Interpreting scripture

            But Jesus is not finished. He pushes the envelope with the Sadducees by citing Moses. The Sadducees took great pride in their conservative approach to scripture. They believed a doctrine only if it was rooted in the text, and for the Sadducees, only the Law of Moses, Genesis through Deuteronomy, was recognized as authoritative scripture. Their rejection of the resurrection was based in their insistence that Moses had not written anything about the resurrection. Yet in verses 37-38 of our reading, Jesus refers to the conversation between God and Moses at the burning bush on Mount Sinai as proof that Moses believed in the resurrection. Jesus paraphrases Exodus 3:6: “I am the God of your father, the God of Abraham, the God of Isaac, and the God of Jacob.” By speaking of these relationships in the present tense, Jesus suggests that God’s words imply an ongoing, beyond-the-grave relationship between God and Israel’s ancestors.

            Jesus’ words are bold and daring. He has challenged the Sadducees on their misunderstanding of the nature of resurrection and invited them to reflect on the character of their own lives. Now he clearly suggests that they do not even understand books of scripture they claim as authoritative!

The spoiler

            This text is rebellious and deeply unsettling.
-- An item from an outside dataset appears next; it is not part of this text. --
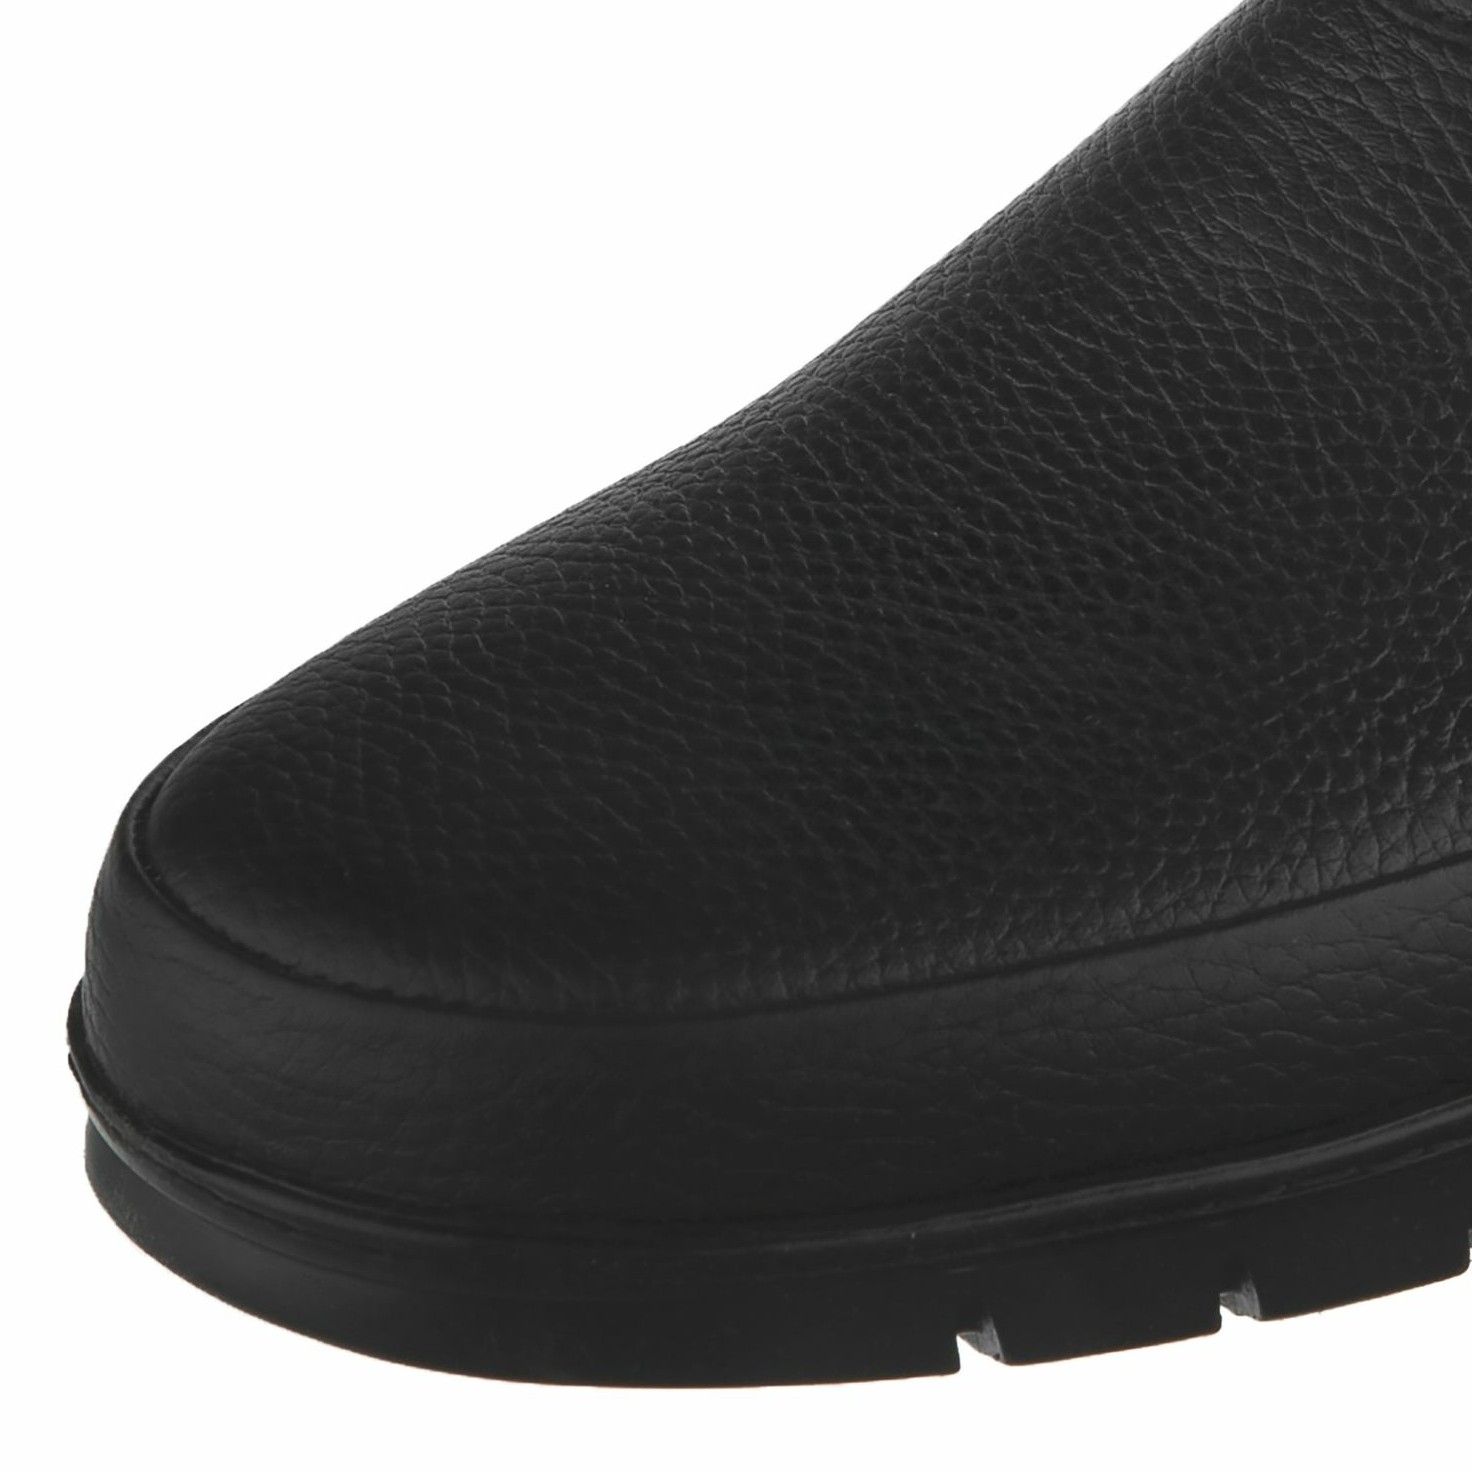 کفش روزمره مردانه سوته مدل چرم طبیعی کد F503101 -  - 4

As we reflect on our lives today, do we not find ourselves occupied primarily by the “busy-ness” of the world in which we live rather than learning to reflect, cultivate and embody the sort of existence that bears witness to the reality of resurrection?

            Jesus was a spoiler. His life, death and resurrection have changed everything. Are we willing to continually realign ourselves and our communities to reflect the game-changing life that God offers to those who follow Jesus?